An old sports anthology television program used to open with an announcer extolling “the thrill of victory” and lamenting “the agony of defeat.”
William Meeker once knew more about the latter than he would have liked. Not any more.
An M.B.A. graduate student in William & Mary’s Raymond A. Mason School of Business, Meeker won the men’s single scull (1x) at the American Collegiate Rowing Association’s (ACRA) national championship in Gainesville, Georgia, in May. His time of 7:35.507 was about three seconds faster than that of Reid Cucci of the University of Delaware.
When the race was over, and Meeker had come from behind using a strong sprint over the final 300 meters of a 2,000-meter race, the sportsmanship inherent in the sport began.
Cucci – a member of the Under 23 National team – walked over to Meeker, offered congratulations and, in keeping with tradition, presented him with the shirt he wore during the race.
The third-place finisher, from the University of Chicago, couldn’t find Meeker after the race, but left a note on his shell that Meeker said he may well frame.
“He said, essentially, that he was impressed with how good a sprinter I was and beyond that, [he appreciated] the way I handled myself after the win,” Meeker said. “He said I wasn’t boastful, didn’t brag and didn’t make a scene.
“This regatta really meant a lot to me. It was the culmination of so much effort and really finishing my college rowing career off really, really strong. I’ve had a lot of tough losses.”
As an undergraduate student at George Mason, Meeker was part of a four-man team that was favored to win the national championship, had the fastest times in the heats – and then finished fourth.
“It was difficult to miss the medal stand,” he said.
Two years ago, that same team finished second to Michigan for the national championship by a seat, similar to a losing by a “nose” in horse racing.
Meeker jokingly said that it seemed he’d been preparing for the ACRA championship since the day he started rowing, at least the day he joined the W&M club team last fall. But when he didn’t perform as well as he expected in October at the Head of the Charles regatta, he kicked his training into another gear. He practiced six days a week, rowing 10 to 15 miles daily. He biked to and from practice several times a week, lifted weights twice weekly.
“It became a part-time job, but it was worth it,” he said.
At the Dad Vail in Philadelphia in mid-May, just before the ACRA championship, Meeker finished fifth, but got a good look at 40 or so schools and handicapped the competition.
Cucci, he predicted correctly, would be his toughest opponent.
In the finals, Cucci raced to a boat-length lead, and Meeker said he was afraid he wouldn’t be able to catch him.

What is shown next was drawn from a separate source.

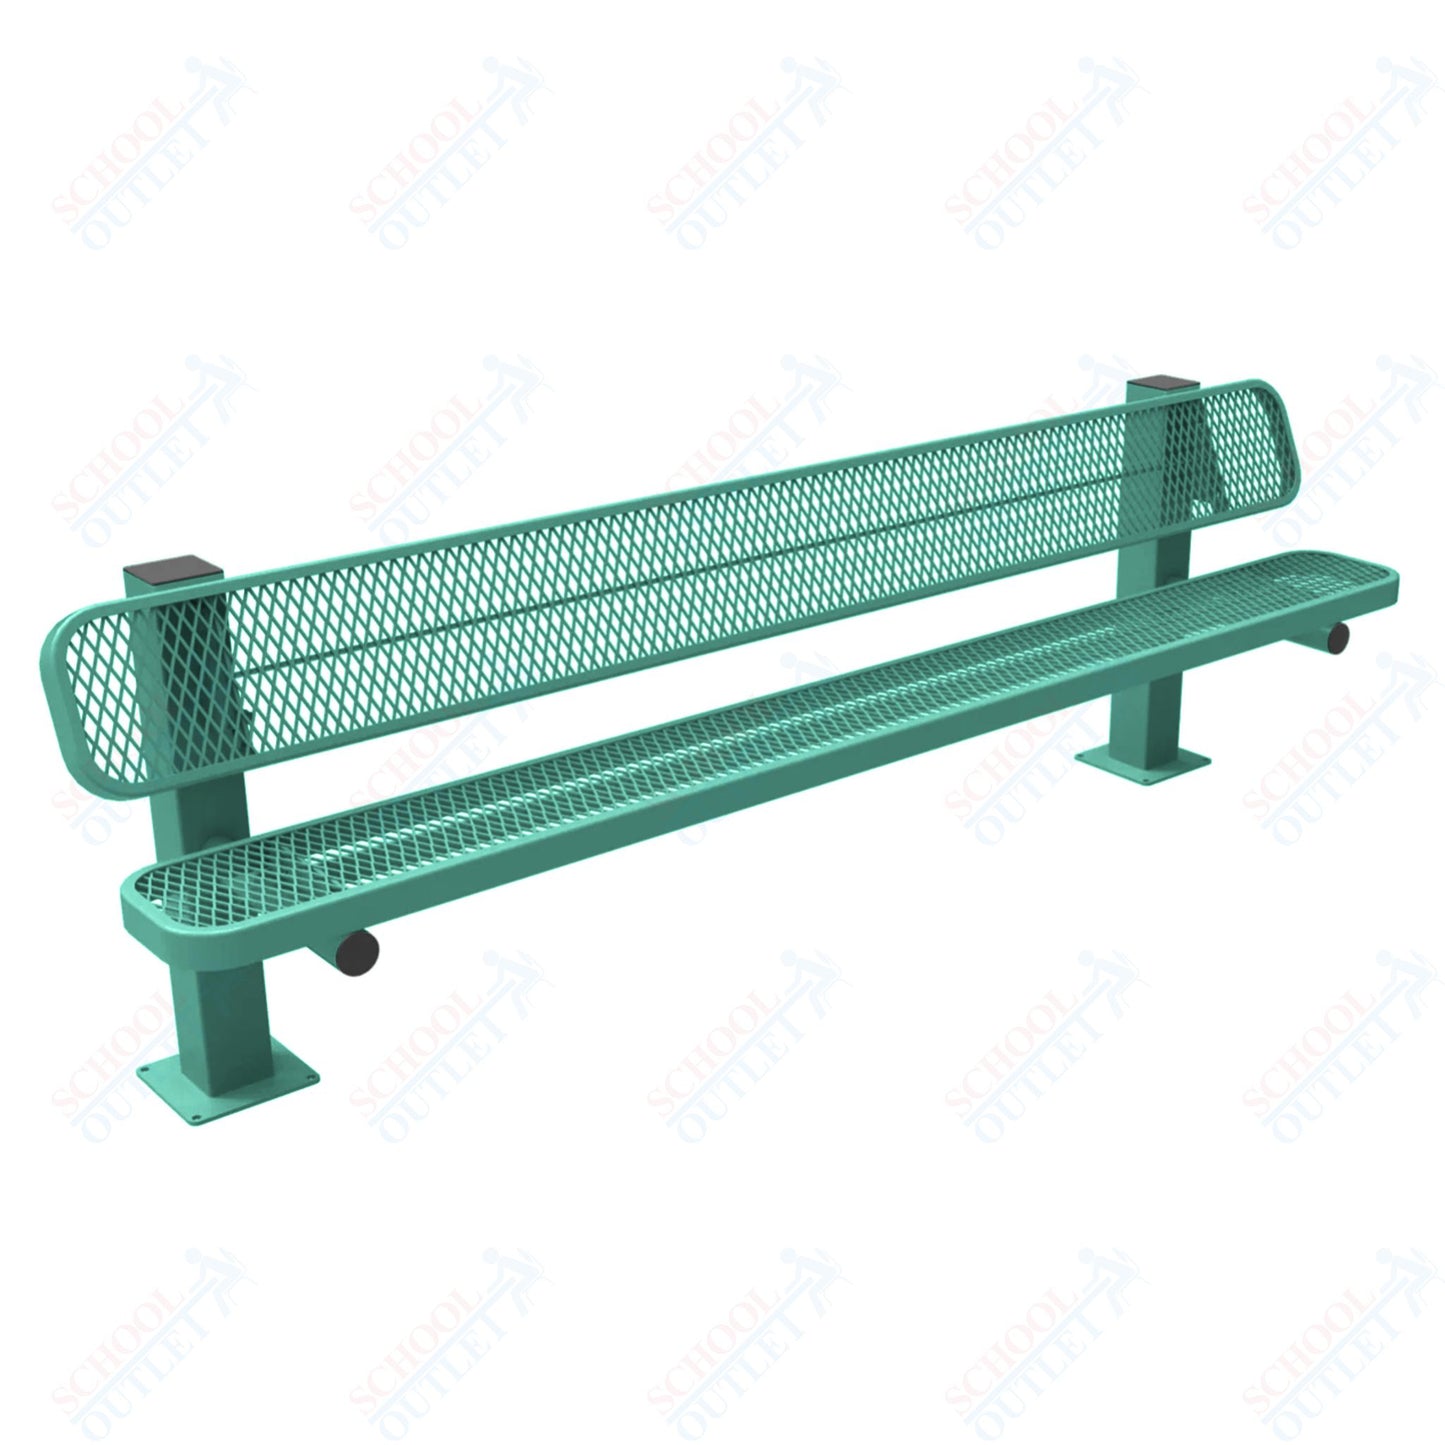 MyTcoat - Single Pedstal Outdoor Bench with Back - Surface Mount 8' L (MYT-BRT08-62)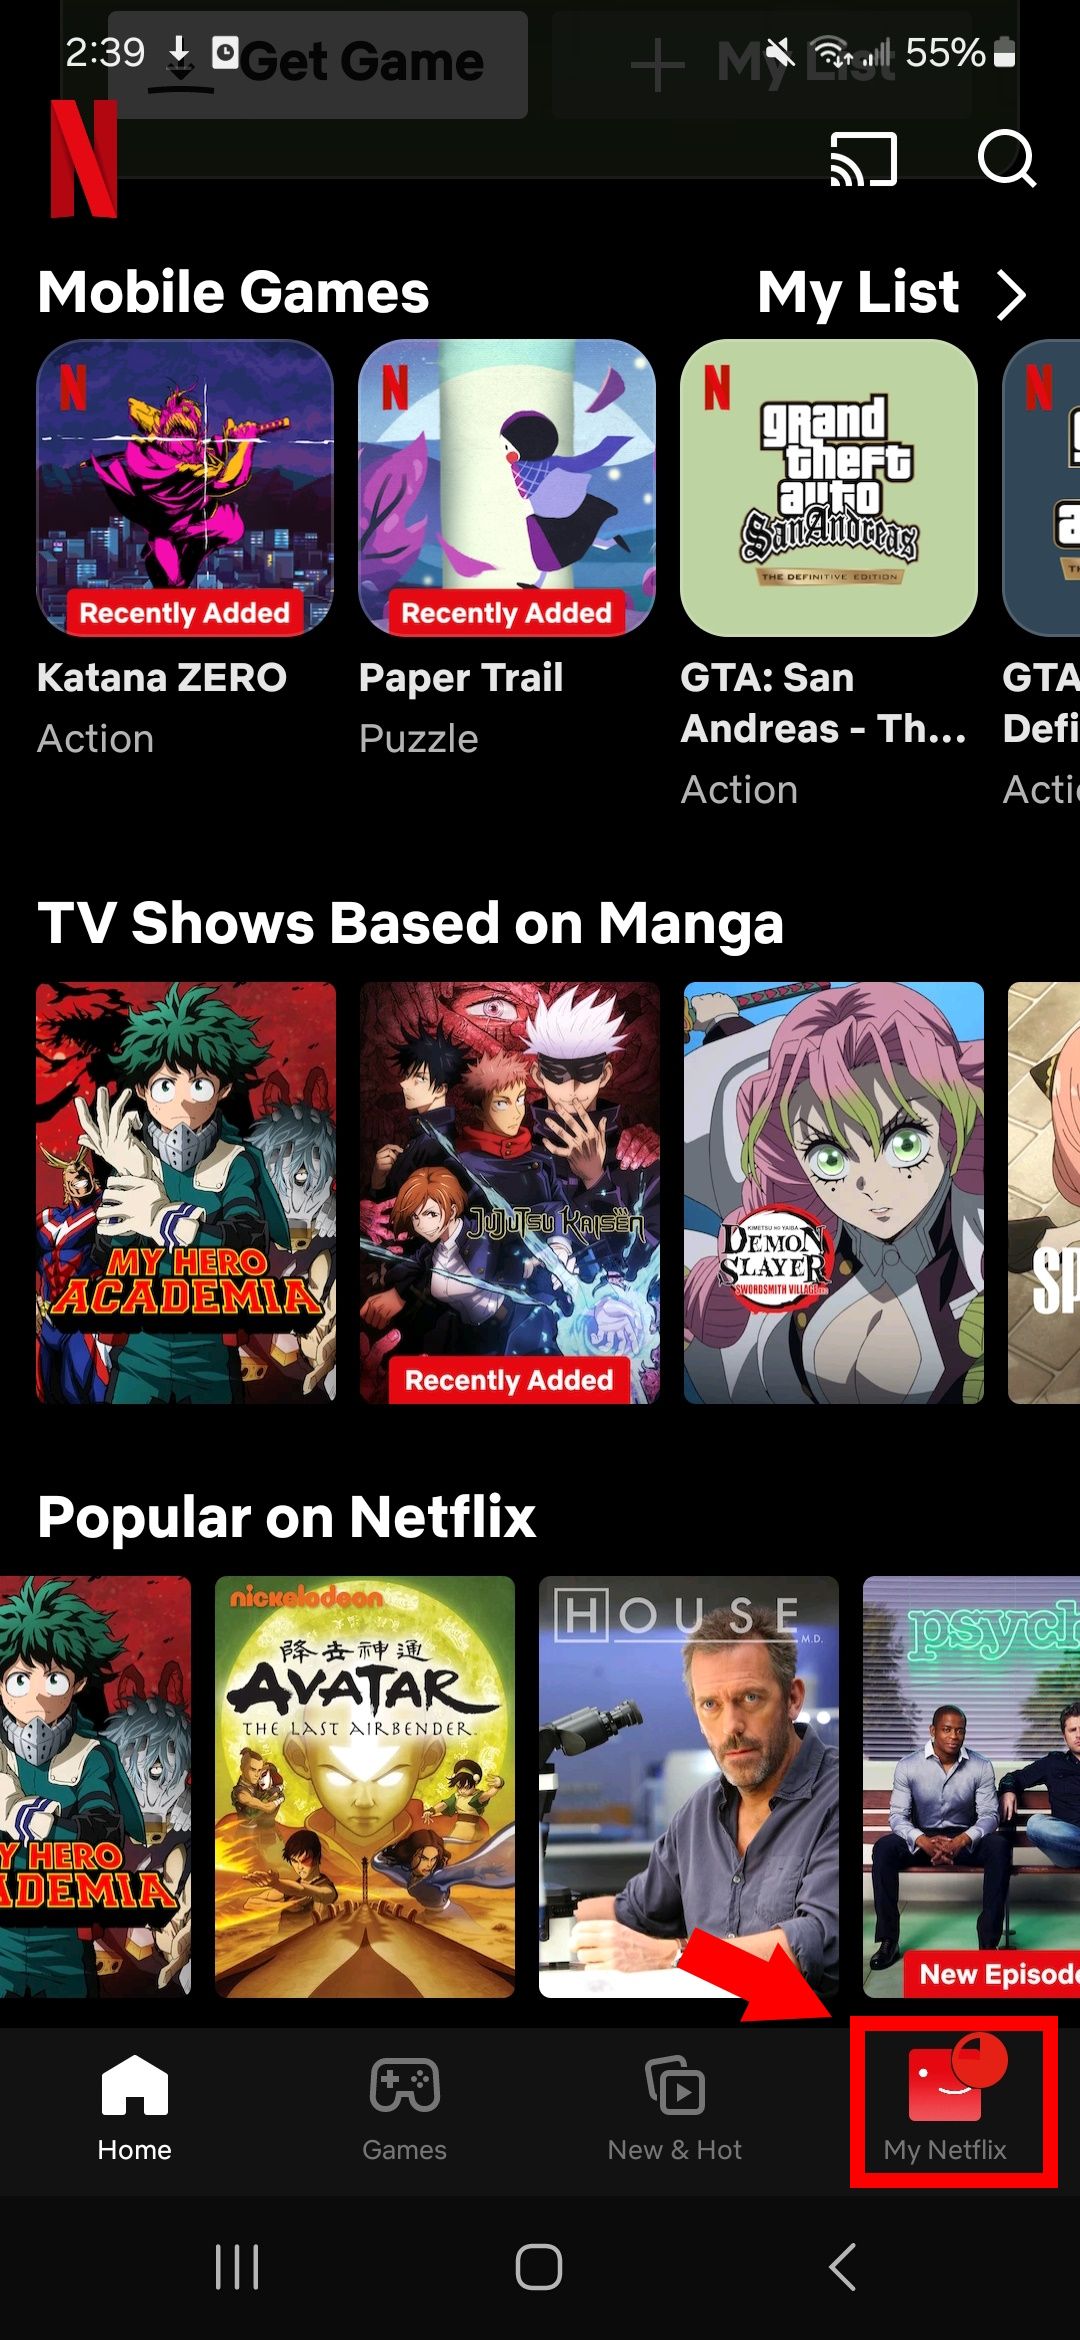 red square outline over my netflix icon in the lower right corner of the netflix app

“But I had a moment where I could see that I had started to gain ground on him, and I really kicked it up and started sprinting,” he said. “I actually ended up beating him by a bit of open water.”When he returns to W&M in the fall, Meeker will take on a new challenge. He’ll coach the men’s novice squad while continuing to compete in the senior category. He plans to graduate from the MBA program in the spring of 2017.